La rentabilité à long terme de l’industrie est très discutable, selon des études.
Après avoir étudié les données de production de 65,000 puits forés dans 31 formations géologiques différentes de schiste non conventionnel en 2012, David Hugues prédit que l’industrie sera dans le gros pétrin à cause de sa révolution d’hydrocarbures non conventionnels en Amérique du Nord. L’éminent géologue, qui étudie les ressources énergétiques du Canada depuis 4 décennies, nous prévient que les opérations de pétrole et de gaz de schiste ont 4 gros défis à relever: les coûts d’investissements à la hausse, un rendement inégal et une empreinte environnementale croissante, le tout menant vers un épuisement rapide (de la ressource). « Le gaz de schiste peut continuer à prendre de l’ampleur, mais seulement avec des coûts plus élevés, et cette croissance exigera une série de forages en escalade accompagnée de coûts financiers collatéraux et environnementaux – et sa durabilité à long terme est très discutable, » prédisait Hugues il y a 2 ans de cela.  Des données économiques récentes sur l’industrie cueillies de Bloomberg, Energy Analyst et même International Energy Agency démontrent que Hugues visait juste.  Les mauvaises nouvelles économiques du schiste, un roc dense qui se trouve à 2 ou 3 kilomètres sous terre, viennent de plusieurs sources clés.

Des prêts incessants

fracking field Flickr SkyTruthLa première alerte sonna en 2013 dans un rapport de Virendra Chauhan, un analyste d’Energy Aspects de Londre l’an passé.

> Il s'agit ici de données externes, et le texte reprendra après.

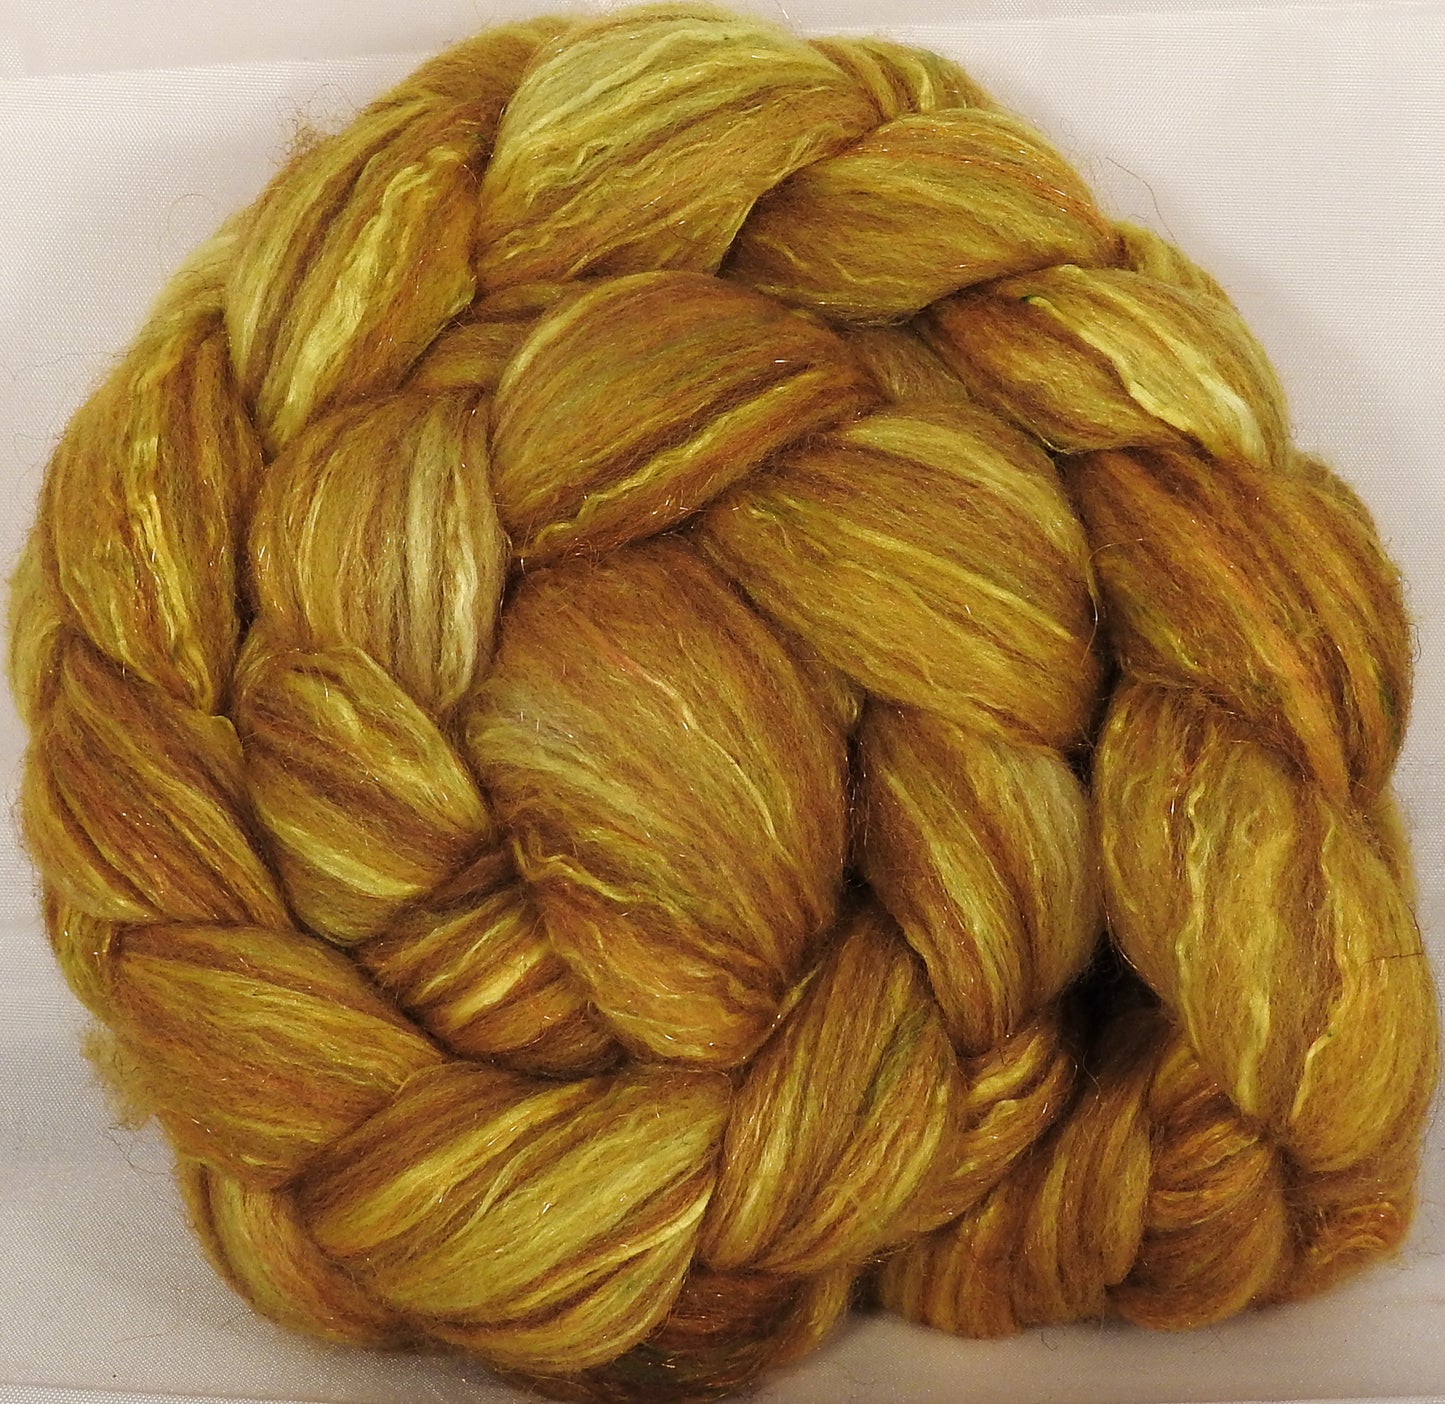 Batt in a Braid #7 -Sunflower-(5.4 oz.)Polwarth/ Manx / Mulberry silk/ Firestar (30/30/30/10) - Inglenook Fibers

« L’autre histoire du schiste » rapportait que les taux d’épuisement des puits de schiste, produisant soit du pétrole ou du schiste, étaient si importants que les compagnies devaient constamment emprunter plus d’argent pour forer encore plus de puits.

Chauhan avait constaté que les payements sur les intérêts sur des dettes de 35 compagnies de schiste comptaient pour 40% de leur production non conventionnelle et accaparaient une part de plus en plus grande de leurs revenus.

« Par la nature même des puits de schiste, qui ont des taux de déclin élevés, font que le besoin de constamment réserver du capital pour les forages exploratoires afin de maintenir et accroitre les volumes de production, » explique Chauhan.

« Il en résulte que les dépenses moyennes de Capex (dépenses d’investissement) pour les 35 compagnies étudiées qui serviraient de guide pour l’industrie équivalent à $50 par baril de pétrole (BOE) sur les dernières 5 années, durant une période de temps que leurs revenus par BOE étaient en moyenne de $51.5. »

Le cash flow était dans le négatif soutenu pour les compagnies que Chauhan a étudié depuis 2007.

« La révolution du schiste n’est pas une panacée qui offre une extension sans fin du paradigme de la croissance, et c’est important de comprendre cela pour éviter le potentiel d’une déception aiguë des réserves globales du futur, » conclut Chauhan.

Le pic de la production

Ensuite les commentaires d’Arthur Berman, un géologue de Houston dans une entrevue pour OilPrice.com.

L’éminent analyste remarquait que la production du schiste avait atteint un sommet dans la plupart des régions exploitées (les formations étaient supposées de produire pendant des décennies), et que les compagnies dépensaient plus d’argent qu’elles gagnaient parce que la surproduction avait fait baisser le prix du gaz.

Sans des prix plus élevés pour le gaz naturel, il prédisait que « le boom du gaz de schiste n’est pas soutenable. »

Il disait que les compagnies et les gouvernements avaient trop loué le potentiel des schistes parce que « c’est tout ce qui reste au monde. Soyons francs: ce sont véritablement des rocs réservoirs terribles et c’est pourquoi nous avons attendu tout ce temps après que toutes les autres sources attirantes soient épuisées avant de les développer. »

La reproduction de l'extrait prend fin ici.